# [PROBLEM]
Pictures stay out; everything else in the listing below is to be restated word for word.

# [DATA]

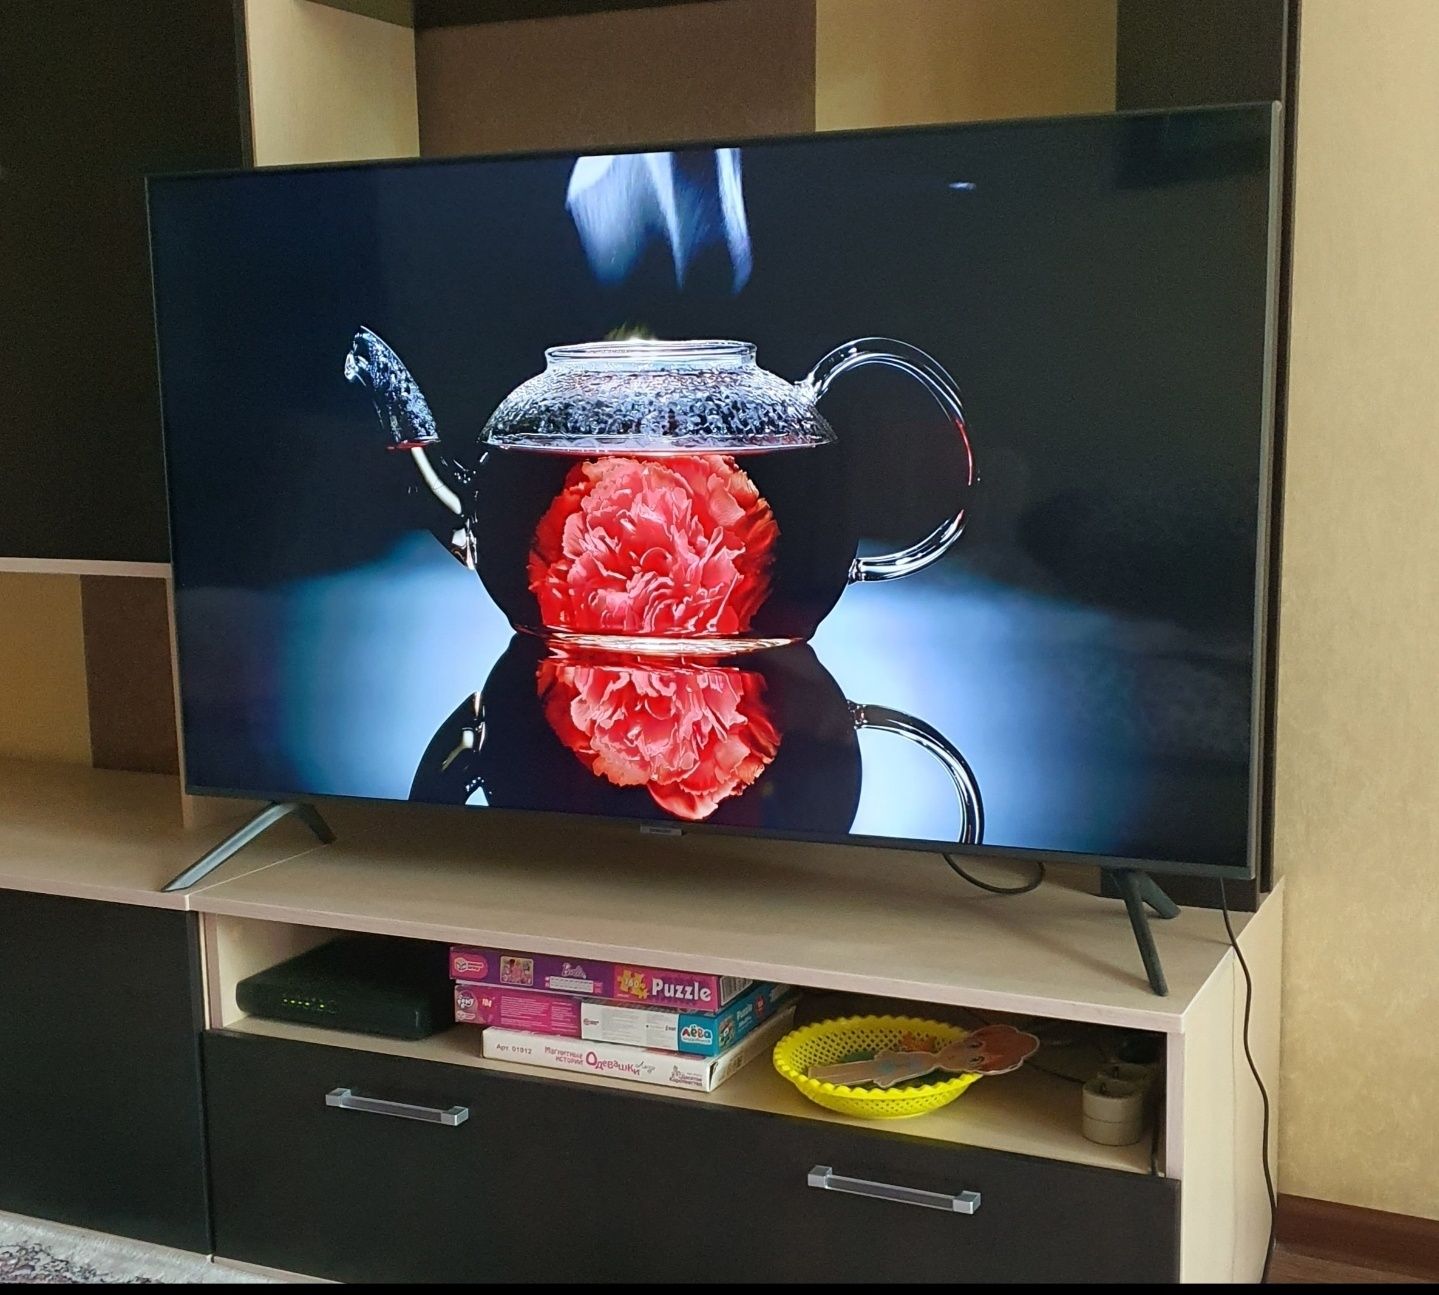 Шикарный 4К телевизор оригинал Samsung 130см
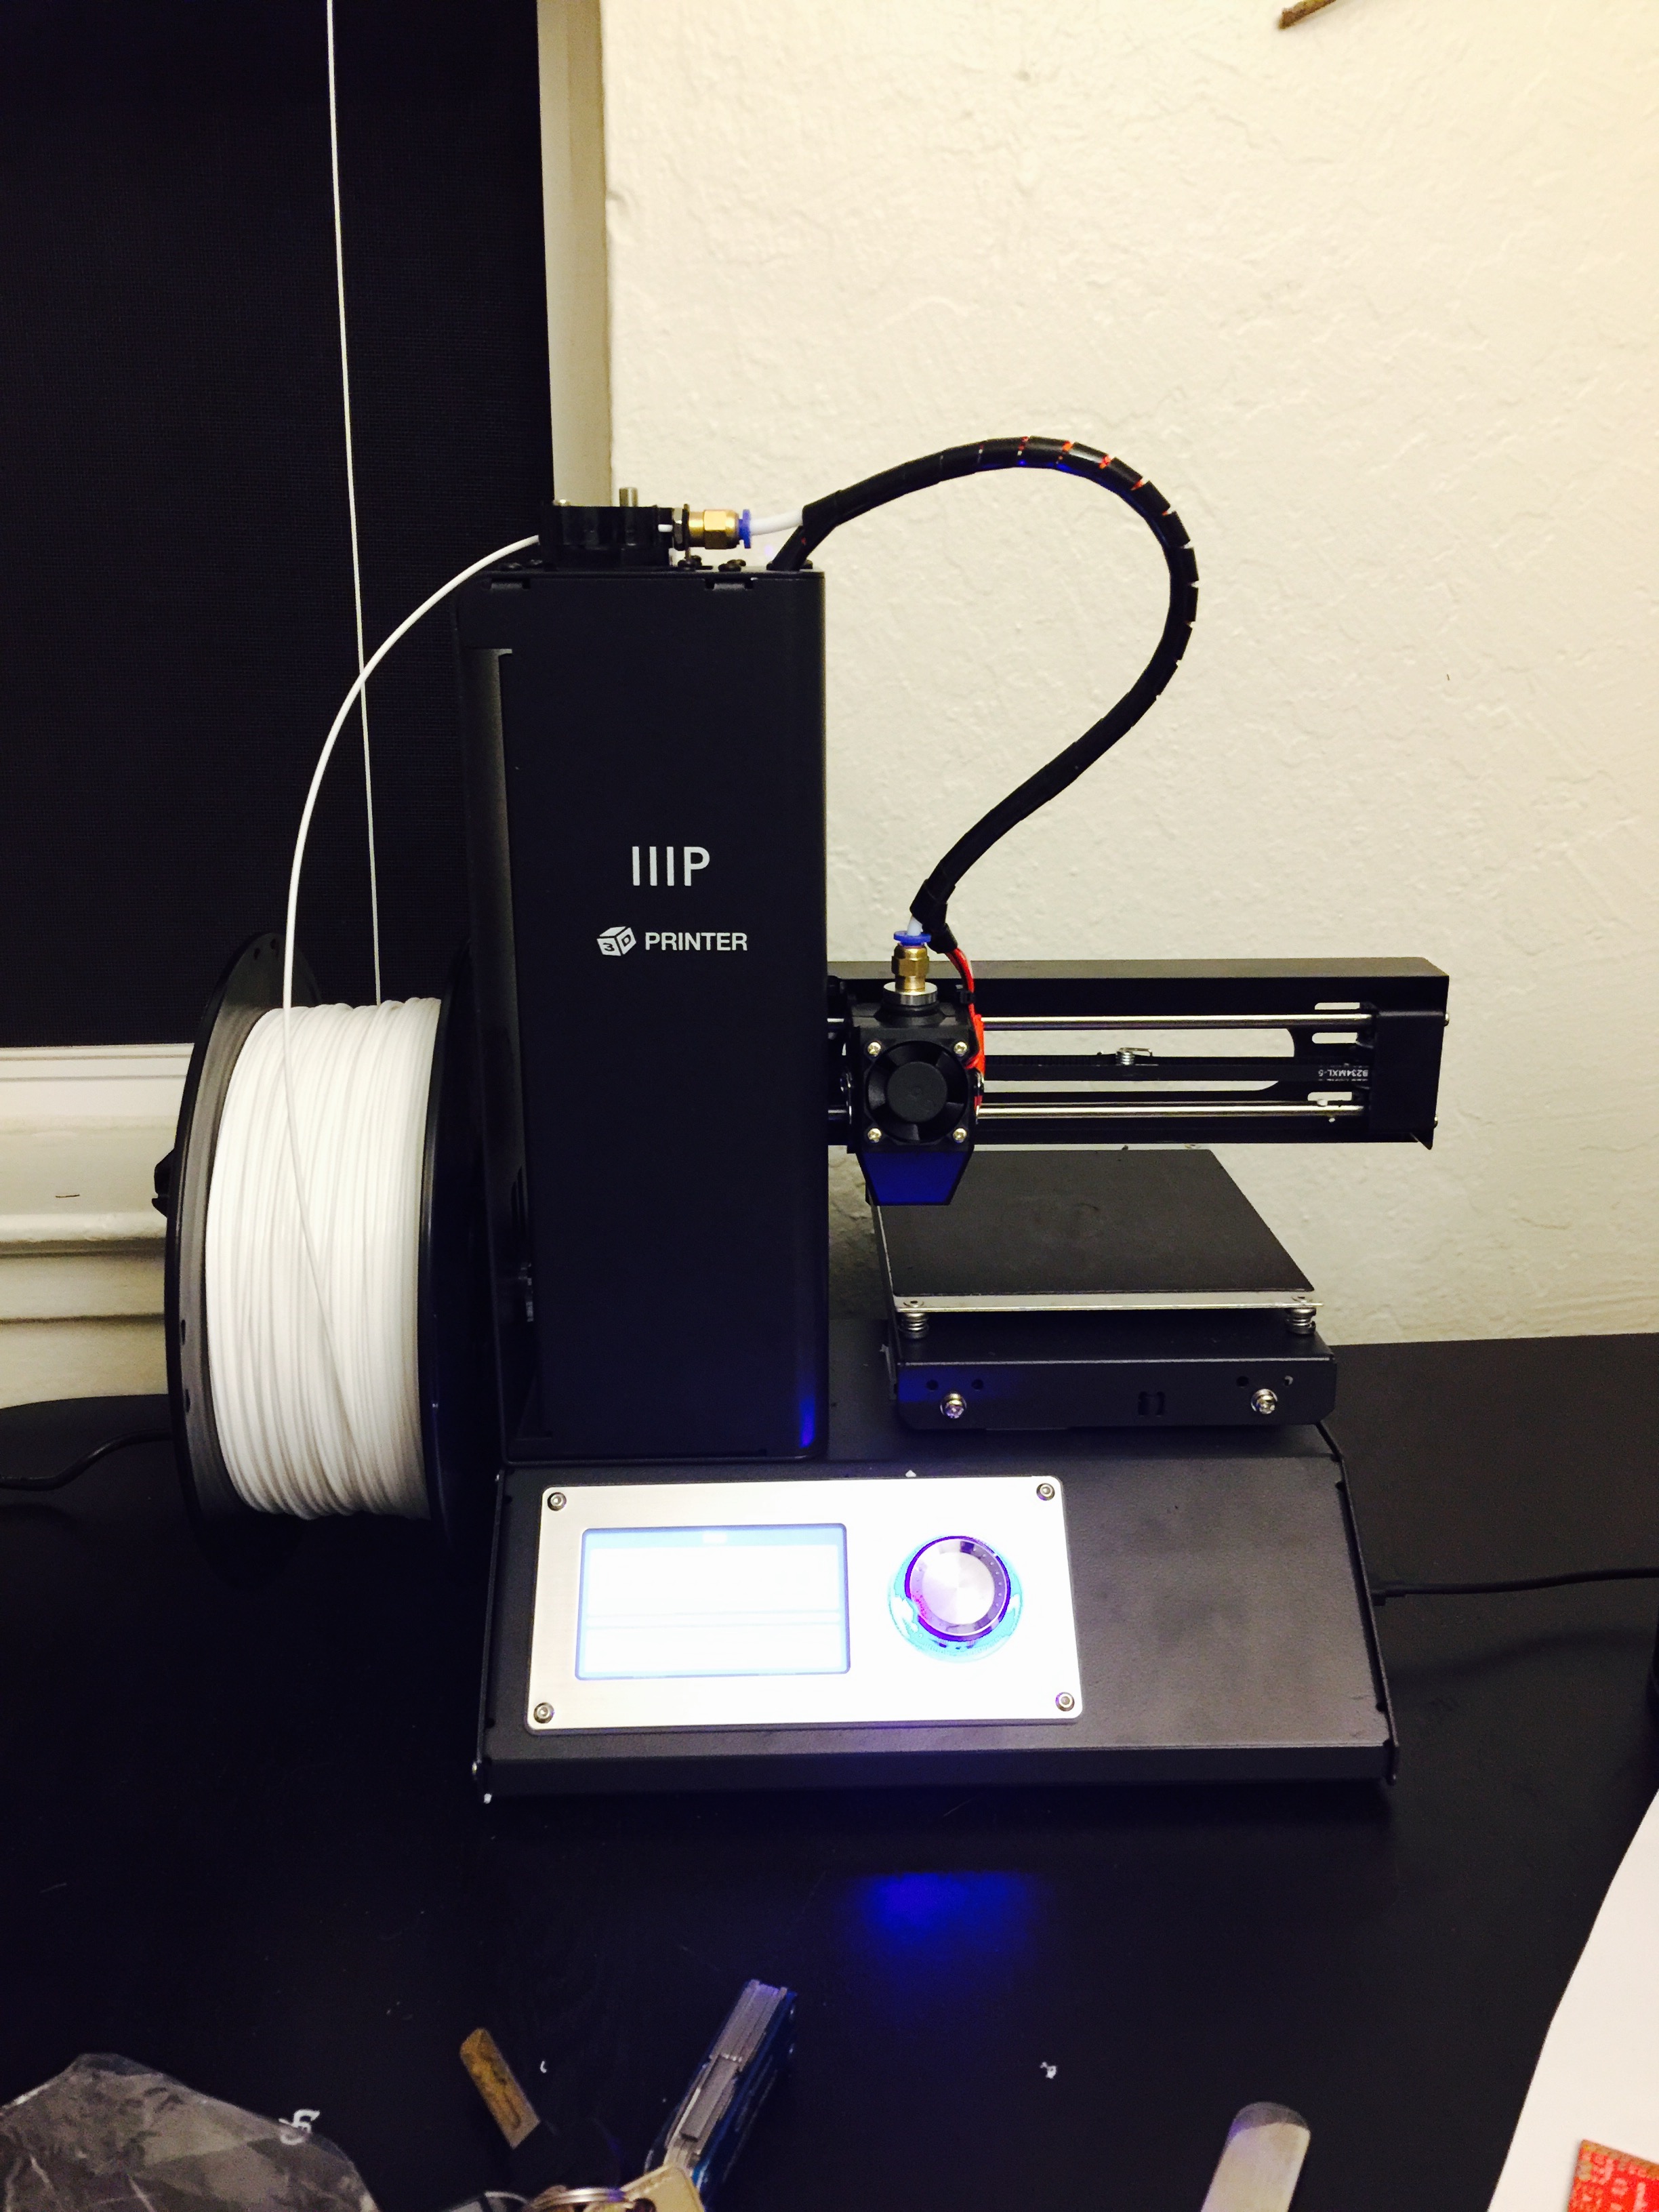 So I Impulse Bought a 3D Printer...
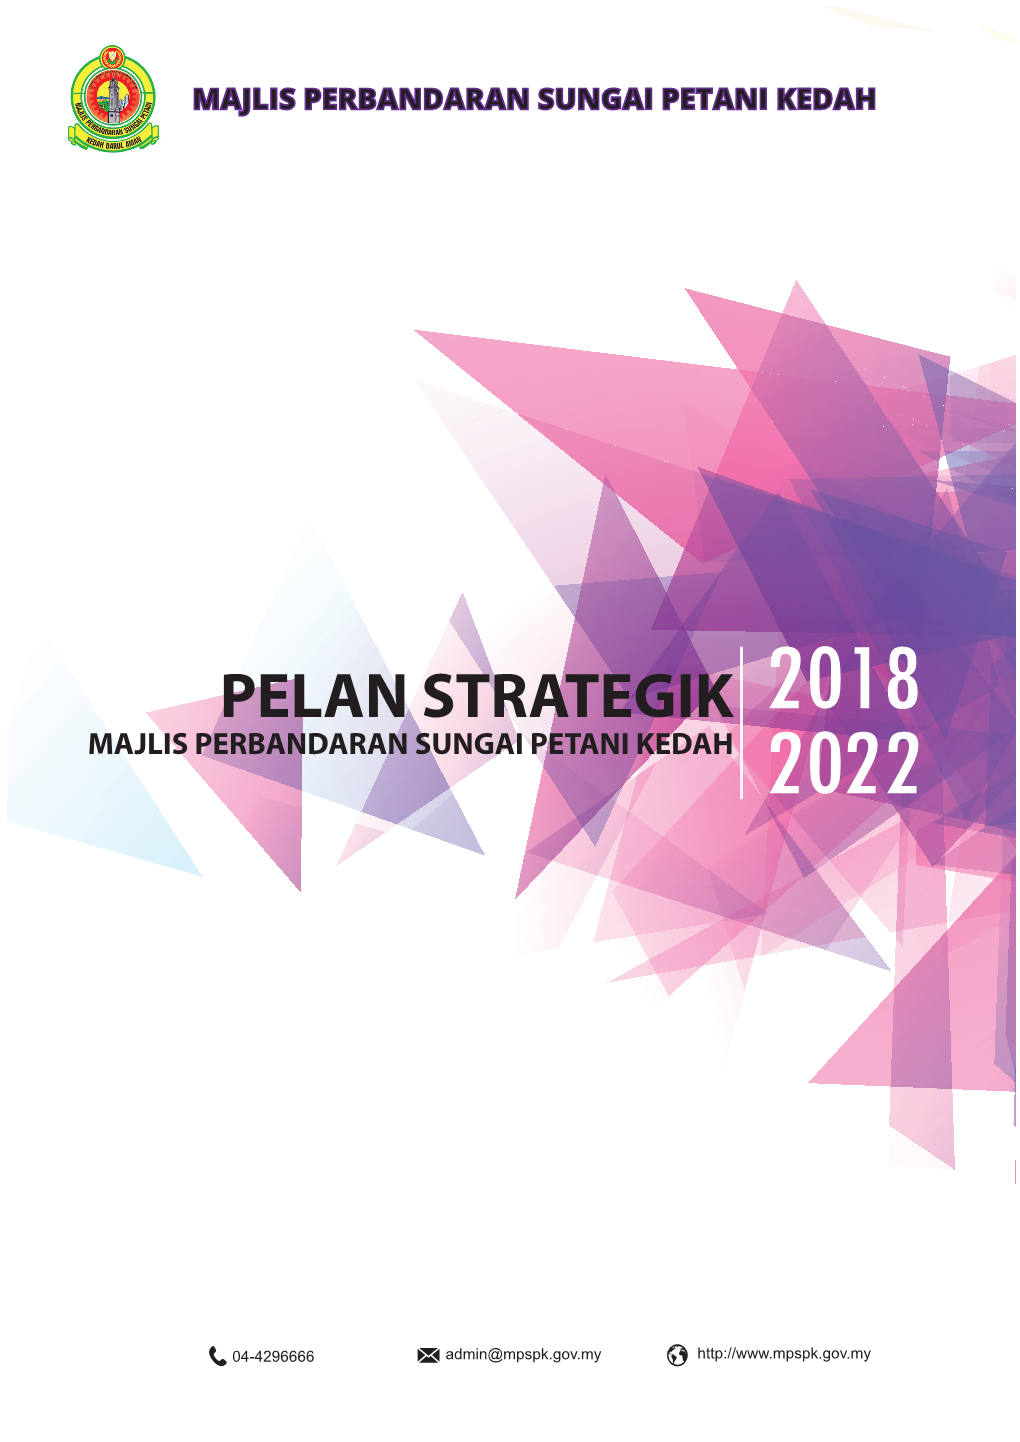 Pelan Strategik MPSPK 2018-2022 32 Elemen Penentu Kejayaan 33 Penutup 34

# [TASK SOLUTION]
 Шикарный 4К телевизор оригинал Samsung 130см
 So I Impulse Bought a 3D Printer...
 Pelan Strategik MPSPK 2018-2022 32 Elemen Penentu Kejayaan 33 Penutup 34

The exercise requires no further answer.